Who likes whops? (wasps)

[On chalet escapades] I'm in bed with Gabriel. That sounds so wrong.

Stop staring at my... leecher. (lecher)

[To me] How come you know everything?... Everything that has nothing to do with your major.

What shall I eat? Western. Then I wanted to eat Pork Chop. Then I realised they were Halal.

[On 'Virgin School'] Pseudo-porn stuff... [Me: I don't want to watch it for the pseudo-porn. Why do YOU want to watch it?] I don't know.

[On 'Virgin School'] It was very boring. [Me: I told you it wasn't pseudo-porn]

[Me on the people outside: They sound very excited.] Reminds me of a visit to the Singapore Zoo.

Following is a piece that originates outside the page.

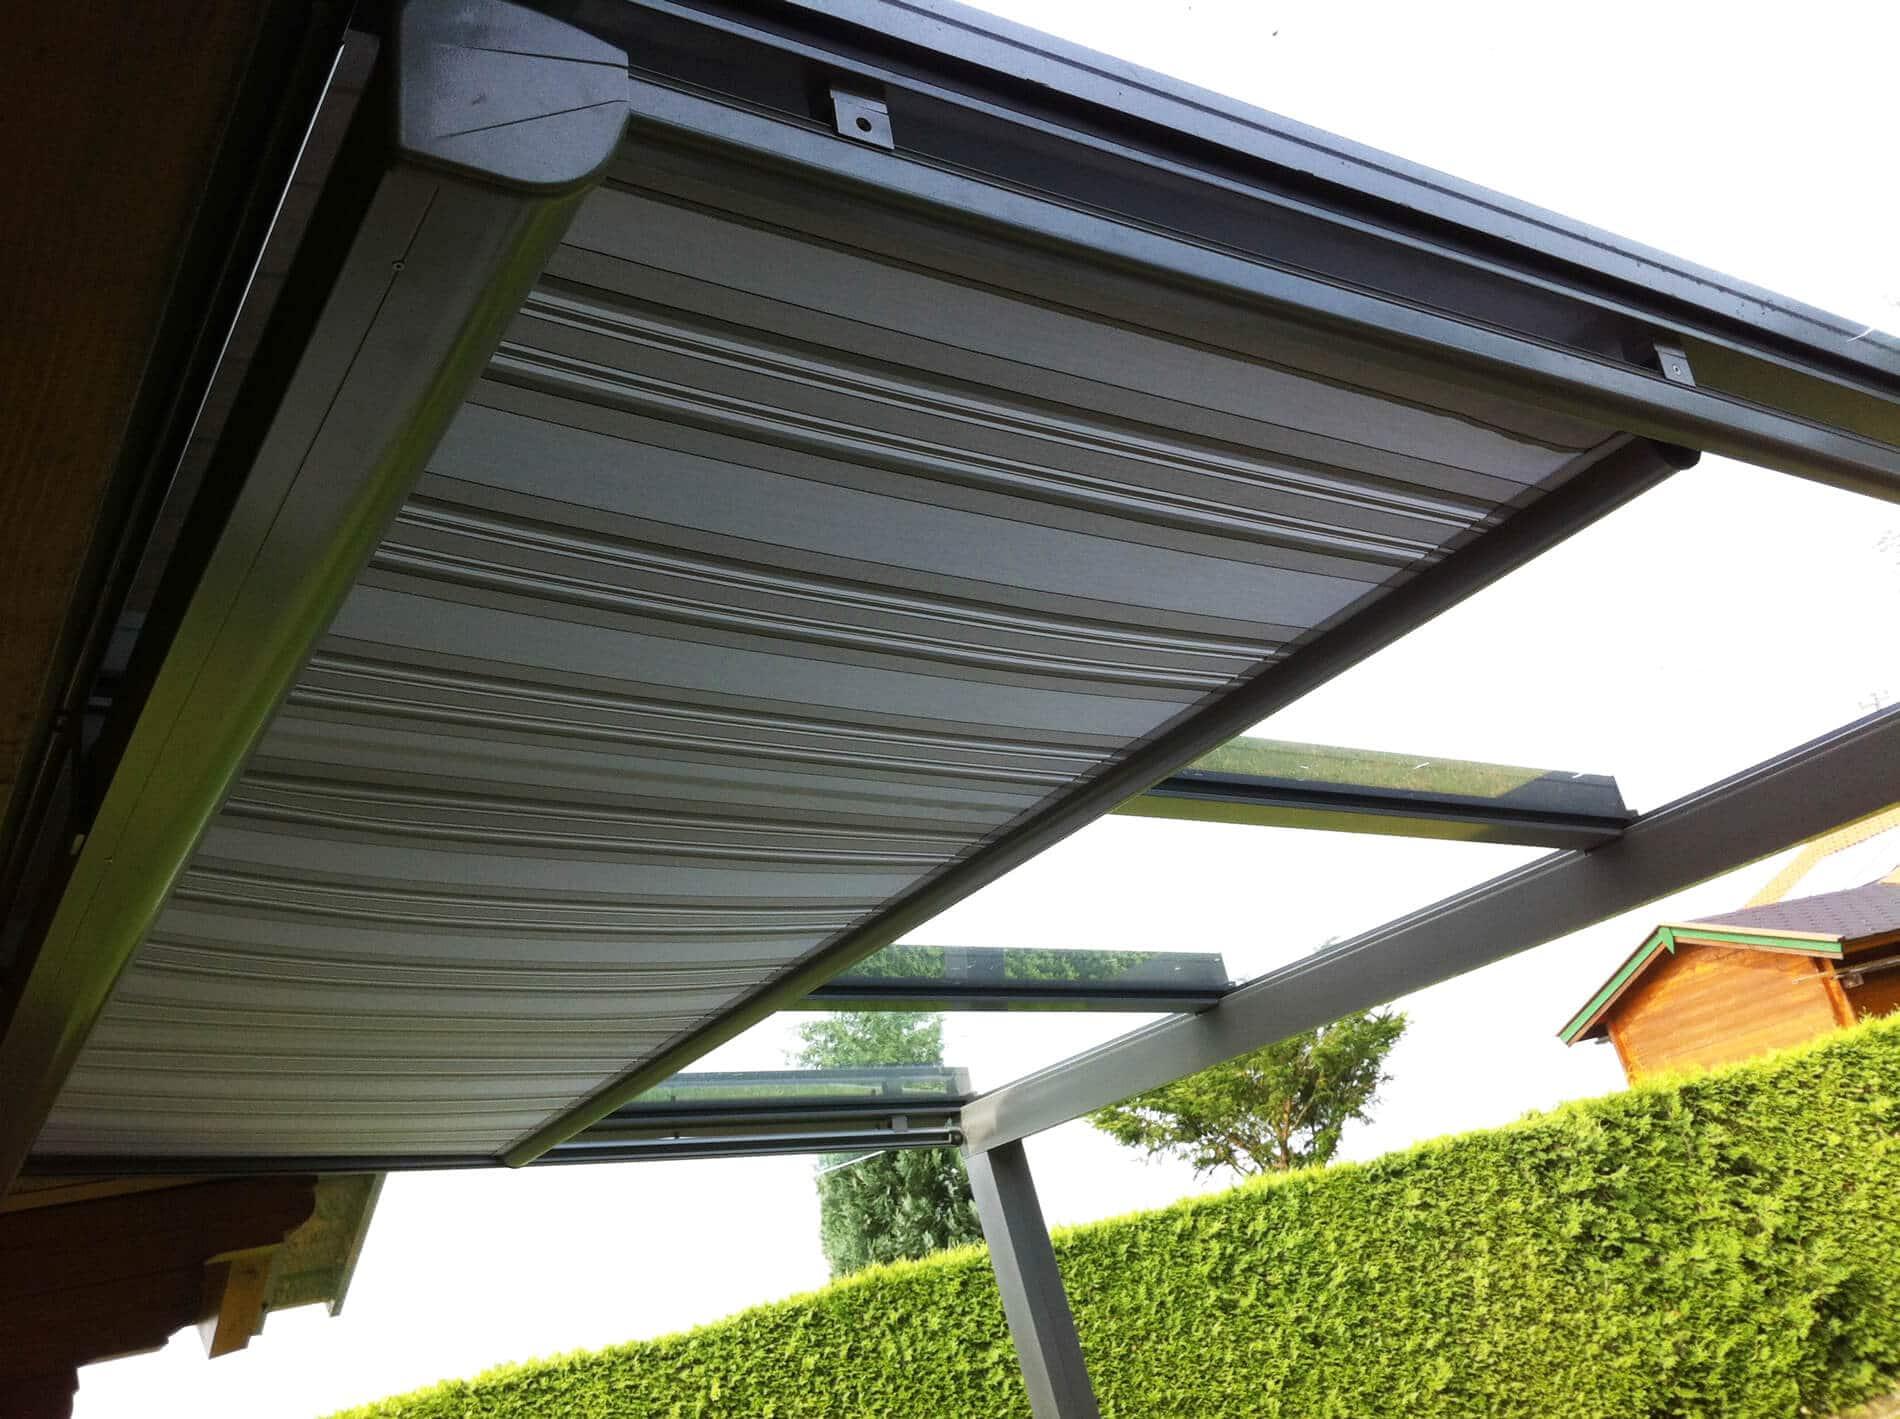 Terrassenüberdachung mit Markise darunter

Have you gone to Thaipusam before? [Student 2: Of course not, I'm Muslim. *stumbles*] Krishna is looking down at you. [Student 3: You only *think* you're Muslim.]

We were looking for saikang warriors for some XXX event and XXX asked, 'What sort of workers do you want?' 'The sort who will just do and not ask questions and don't think'. Then XXX said 'Then you can't ask Gabriel Seah'

I think anybody who is bigger than me is a bit on the round side. [Me: And anybody smaller than you is anorexic.] Yeah, I'm just nice.

I can only say you surpass yourself each time I see you. [Me: What does that mean?] That's up to your own interpretation.

[Me on donuts: Are they yummy?] Yes they are. Please come and buy. They're for a good cuase - Me.

[Me: XXX doesn't like YYY. Then XXX wished YYY a happy birthday.] It's what girls do.

I miss her friendly disposition. [Student 2: We all have friends in this position.]

[Me: Why are you flashing me looks of diadain?] That's how I always look at you.